Наверно, у наших хозяев не было собаки. Мария Федоровна нашла собаку, чтобы ее подкармливать, близко от нашего дома, в маленьком переулке, заросшем низкой травой, с заборами, поленницами, сараюшками. Собака была среднего размера, темно-рыжая, с прямой, длинной, густой шерстью — настоящая дворняжка, с поднятым кверху и закрученным кренделем хвостом, с сужающейся к носу мордой, с торчащими ушами, с умными, незлыми, рыже-карими глазами. Этот пес обычно находился в маленьком дворике-закутке между забором и сарайчиками. Его хозяином был мальчик лет десяти. Мария Федоровна делала для пса вкусную еду из остатков нашей пищи и, желая побаловать его, добавляла кое-что не из остатков, а Наталья Евтихиевна ворчала. Наталья Евтихиевна не любила животных, она их распределяла согласно религиозным предписаниям: голубь — выше всех, потому что в него воплотился дух святой, кошка — животное чистое, допускается в дом и даже в церковь, а собака должна жить на улице, она — животное нечистое. Наталья Евтихиевна не обижала животных; «Всякое дыхание славит Творца», — говорила она, но у нее не было желания погладить, приласкать хотя бы кошку. Мария Федоровна приносила псу в кастрюльке «забеленные» молоком мясные щи с плавающими в них разбухшими кусками черного хлеба и с костями. Никогда я не видела, чтобы зверь или человек ел так аппетитно, как этот рыжий пес. Конечно, он не был так аккуратен, как кошки, и ел с жадностью, но жадность умерялась любезностью по отношению к нам, смотревшим на него: иногда он поворачивал морду в нашу сторону, приветливо вилял хвостом и снова обращался к своей миске. Он начинал трапезу, высовывая красный язык и лакая жидкость в самом жирном месте, пастью прихватывая хлеб, вылавливал кость, клал ее рядом с миской, снова лакал, брал в рот кость с земли и, наклоняя голову то в одну, то в другую сторону, чтобы кость попадала на крепкие задние зубы (все его зубы были великолепны), с хрустом разгрызал ее, подбирал остатки и, помахав хвостом, лакал остатки щей, облизывал морду, затем подбирал и вылизывал то, что попало на землю.

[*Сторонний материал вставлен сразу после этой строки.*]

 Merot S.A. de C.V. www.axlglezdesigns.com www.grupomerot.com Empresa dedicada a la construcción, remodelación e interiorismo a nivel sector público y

Среди лета случилось несчастье: пес попал под поезд, ему отрезало хвост и одну заднюю лапу. Мальчик принес его домой и положил на подстилку из соломы и тряпья. Пес лежал на боку, глаза были полузакрыты, двое или трое суток он ничего не ел, наверно, ему было очень больно. Мы приходили к нему каждый день, и я боялась смотреть на окровавленные култышки. Мария Федоровна хвалила мальчика за заботу о псе. Потом пес стал есть, зализал отрезанные места и стал бегать на трех лапах.

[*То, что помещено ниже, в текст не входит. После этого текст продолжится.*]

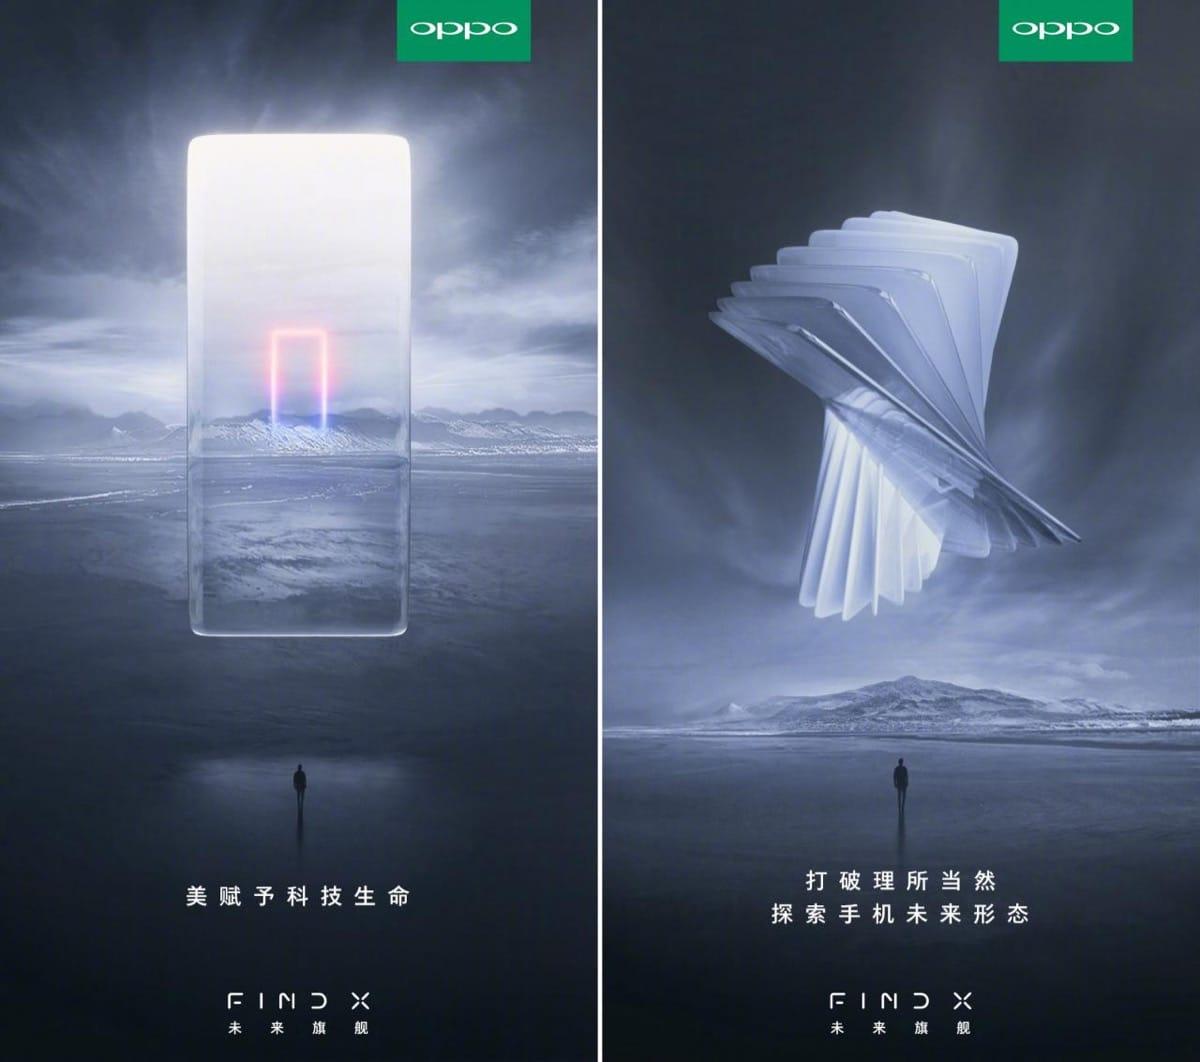 Дисплей Oppo Find Xзанимает 93,8% площади лицевой панели— Новый рекорд

Раза три-четыре за лето мы ездили в Москву мыться «по-человечески». Тем летом мы пошли в баню, чтобы не обременять Наталью Евтихиевну топкой колонки (Мария Федоровна и зимой ходила в баню, отчасти по этой же причине, отчасти потому, что в бане можно лить воду, сколько хочешь). А я была в бане в первый раз и в первый раз увидала голых взрослых женщин. Я на них пялила глаза не отрываясь, пока Мария Федоровна не сделала мне сердитое замечание. Эти волосы внизу живота меня расстроили, я в них видела что-то оскорбительное, недаром их скрывали, насколько лучше были наши гладкие животы с полоской раздела внизу. У Марии Федоровны тоже росли волосы — полуседые. Среди болтающихся тяжелых грудей, надутых, толстых и отвислых животов я заметила девочку лет тринадцати с гладким и тонким телом — пленительная переходная красота, но у нее уже росли редкие волоски.

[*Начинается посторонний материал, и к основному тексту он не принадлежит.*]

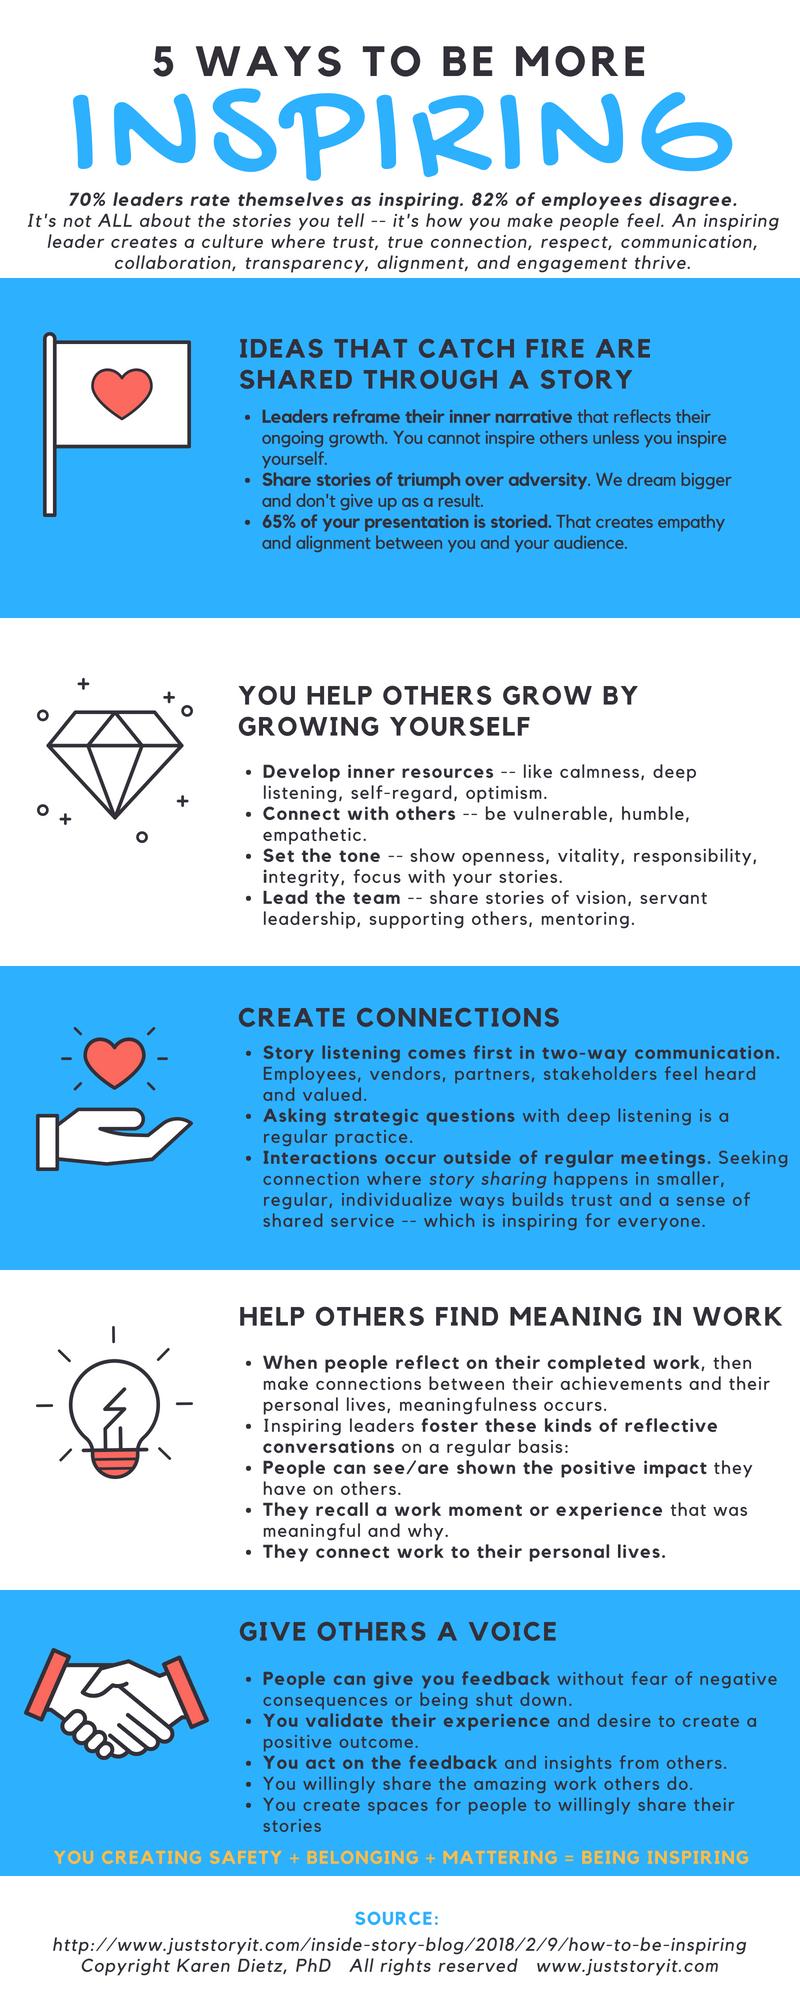 5 Ways To Be Inspiring.png

В бане был круглый бассейн с совершенно зеленой, хотя прозрачной, водой, под которой виднелся выложенный плиткой пол. В бассейн спускались по лесенке с перилами. Я увидала, как плавает Мария Федоровна, а для меня бассейн был слишком глубок, у меня не получалось плавать, держась за плечо Марии Федоровны, и я болталась в теплой воде, держась за перила у предпоследней ступеньки. Я заметила, что Мария Федоровна не относится к числу бесформенных женщин, хотя тело у нее было старое, с лиловыми жилками. Она была ладная, с маленькой грудью, заметной талией и покатыми плечами.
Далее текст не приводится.